KABARBURSA.COM - Rupiah menunjukkan kekuatan yang semakin meningkat terhadap dolar Amerika Serikat (AS) dalam beberapa hari terakhir, dipicu oleh perlambatan inflasi AS dan prospek pelonggaran bank sentral AS.
Pada hari ini, Selasa (21/11/2023), pergerakan rupiah akan dipengaruhi oleh rilis neraca pembayaran Indonesia, memberikan pertanyaan apakah penguatan rupiah akan berlanjut?
Berdasarkan data Refinitiv, pada penutupan perdagangan Senin (20/11/2023), rupiah menguat menjadi Rp 15.440/US$ atau mengalami apresiasi sebesar 0,32 persen, mencapai posisi terkuatnya sejak 25 September 2023. Penguatan ini merupakan kelanjutan dari kenaikan pada hari sebelumnya yang juga tercatat sebesar 0,32 persen.
Sementara itu, indeks dolar AS (DXY) pada pukul 14.55 WIB mengalami penurunan sebesar 0,21 persen menjadi 103,69. Angka ini menurun dari penutupan perdagangan Jumat (17/11/2023) yang berada pada 103,91.
Penguatan rupiah sejalan dengan aliran dana investor asing ke pasar keuangan domestik. Terdapat catatan beli bersih asing sebesar Rp7,33 triliun (beli bersih Rp2,49 triliun di pasar SBN, beli bersih Rp0,87 triliun di pasar saham, dan beli bersih Rp3,97 triliun di SRBI). Ini merupakan kebalikan dari data transaksi 6-9 November 2023, di mana terjadi penjualan bersih asing sebesar Rp1,27 triliun. Investor keluar dari pasar domestik baik di pasar SBN maupun saham.
Catatan pembelian bersih sebesar Rp7,33 triliun pada minggu ini merupakan yang tertinggi sejak pekan pertama Mei 2023, atau lebih dari enam bulan terakhir.
Optimisme pasar terhadap kebijakan suku bunga bank sentral AS, The Federal Reserve (The Fed), yang diperkirakan akan tetap stabil pada Desember 2023, juga menjadi faktor dalam apresiasi mata uang Garuda. Inflasi AS yang terkendali pada Oktober meningkatkan kemungkinan bahwa siklus kenaikan suku bunga dapat segera berakhir. Sikap The Fed yang mulai melunak turut memberikan sentimen positif terhadap penguatan rupiah.
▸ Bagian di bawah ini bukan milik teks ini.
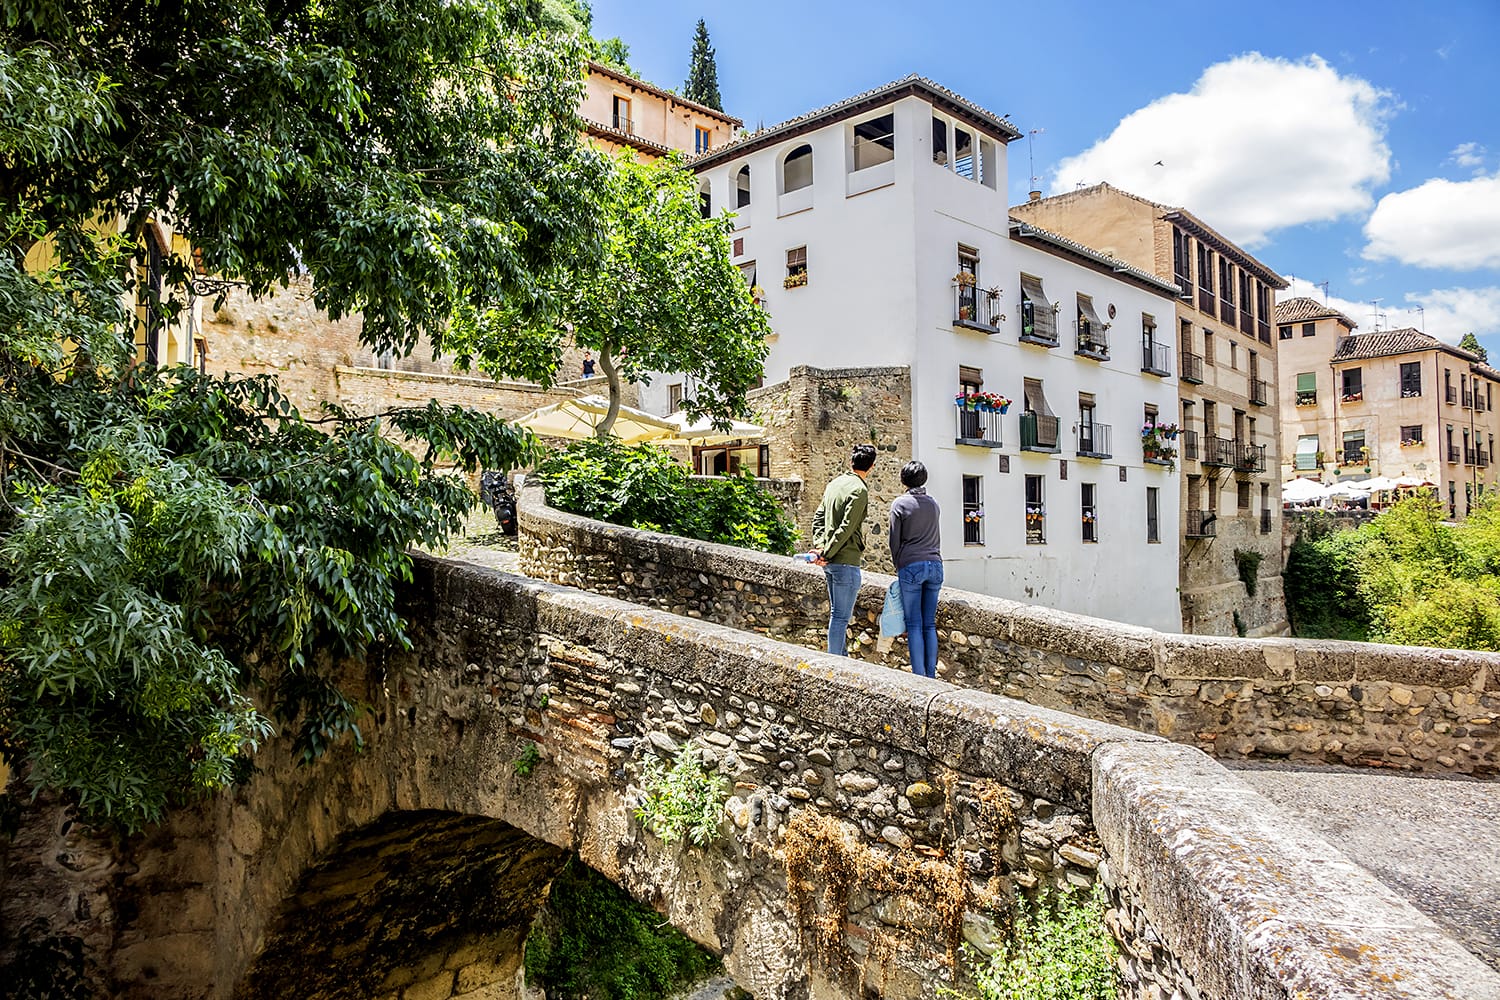 Darro Street (Carrera del Darro) is one of the most scenic walks in Granada, Spain

Hari ini, pergerakan rupiah akan dipengaruhi oleh rilis neraca pembayaran dan transaksi berjalan kuartal III-2023 oleh Bank Indonesia (BI). Data ini akan memberikan gambaran tentang kondisi ekonomi Indonesia, termasuk kekuatan ekspor, pasokan dolar, serta investasi langsung dan investasi portofolio yang mencerminkan minat investor asing dalam menanamkan modal di Indonesia.
Publik juga menantikan apakah Indonesia masih akan mencatat twin deficit pada kuartal III-2023 setelah mengalami twin deficit pada transaksi berjalan dan finansial pada kuartal II-2023.
Pada kuartal II-2023, tercatat defisit transaksi berjalan sebesar US$1,9 miliar atau 0,5 persen dari Produk Domestik Bruto (PDB). Ini merupakan defisit pertama sejak kuartal II-2021. Defisit tersebut diperparah dengan defisit neraca transaksi finansial sebesar US$4,97 miliar, berbanding terbalik dengan surplus US$3,68 miliar pada kuartal sebelumnya.
Selain itu, hari ini juga akan dirilis Upah Minimum Provinsi (UMP) DKI Jakarta untuk tahun 2024. Kenaikan UMP Jakarta menjadi barometer nasional karena Jakarta adalah pusat bisnis utama dan merupakan yang pertama di Indonesia. Pada 2023, UMP Jakarta mencapai 7 persen dengan nilai Rp 4.901.798.
Pada Jumat (17/11/2023), Pemprov DKI Jakarta menggelar sidang Dewan Pengupahan untuk menentukan nilai UMP DKI Jakarta 2024. Sidang tersebut berlangsung selama sekitar 4,5 jam, dimulai dari pukul 14.00-18.30 WIB, dan dianggap sebagai sidang yang cukup alot. Anggota Dewan Pengupahan Provinsi DKI Jakarta dari unsur Pemerintah mengusulkan besaran nilai UMP DKI Jakarta Tahun 2024 sebesar Rp5.067.381.